= Michael Makuei Lueth =

South sudan Minister of Justice and Constitutional affairs

 Michael Makuei Lueth is a South Sudanese politician. He is the current minister of Justice and Constitutional affairs of the Republic of South Sudan.

Lueth hails from Bor, in a payam called Makuac payam and a clan called Koc. He joined the Sudan People's Liberation Army(SPLA) in 1983 to fight for the liberation of South Sudan along with his other comrades. He graduated as a lawyer at the University of Khartoum in 1977 and worked as a legal Counsel and as a Judge. It is with this background that he has been serving as the minister of information in the transitional government of National Unity in the Republic of South Sudan as of 2022.

== Sanctions ==
Lueth is currently on the list of Specially Designated Nationals and Blocked Persons list of the United States Office of Foreign Assets Control.
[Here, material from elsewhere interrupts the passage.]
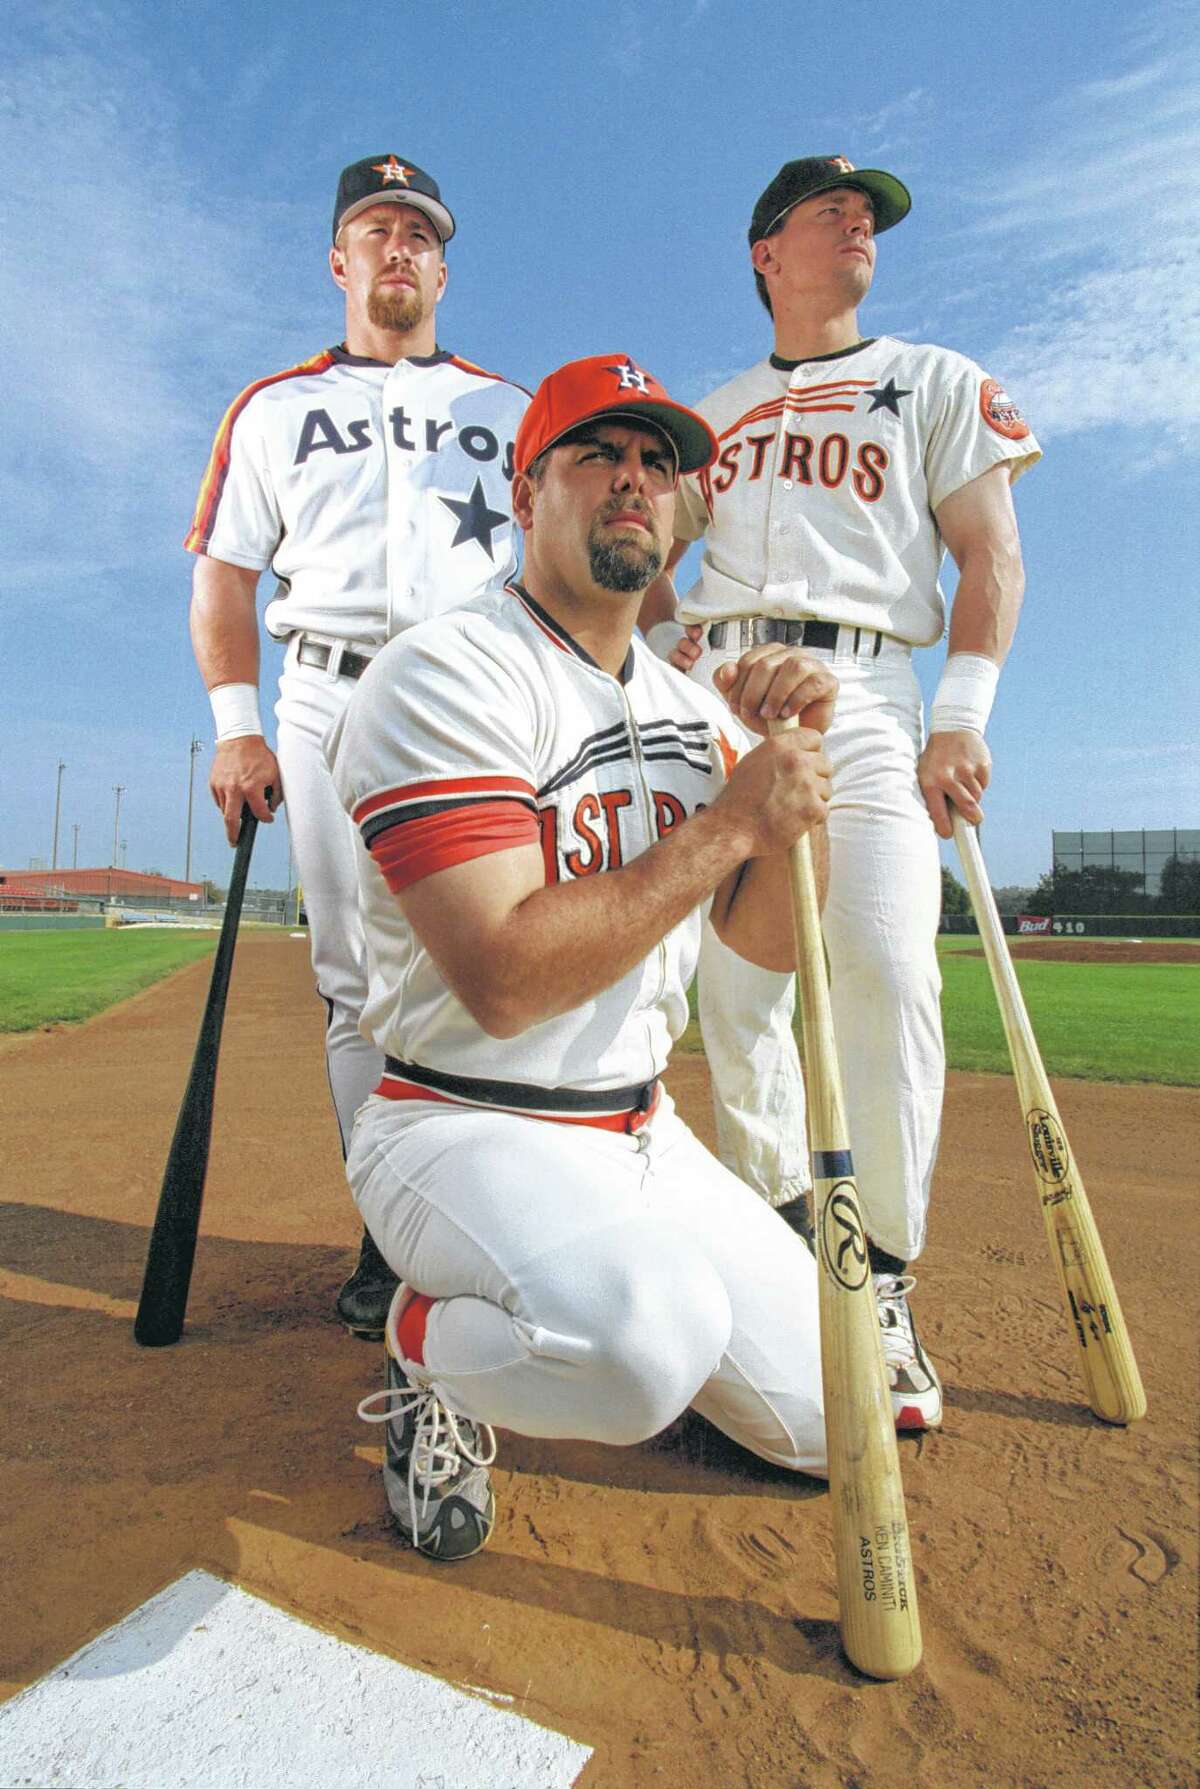 The Long-Lost Story Behind The Astros' Famous Rainbow Uniforms

The sanctions were placed on him in September 2017 after reports emerged that Lueth was instrumental in undermining Kiir's initial willingness to sign the peace agreement.

The United Kingdom also sanctioned the politician for "obstructing the political process in South Sudan, in particular by obstructing the implementation of the Agreement on the Resolution of the Conflict in South Sudan."

==COVID-19==
On 19 May 2020, he and all members of the nation's 15-member coronavirus task force tested positive for COVID-19.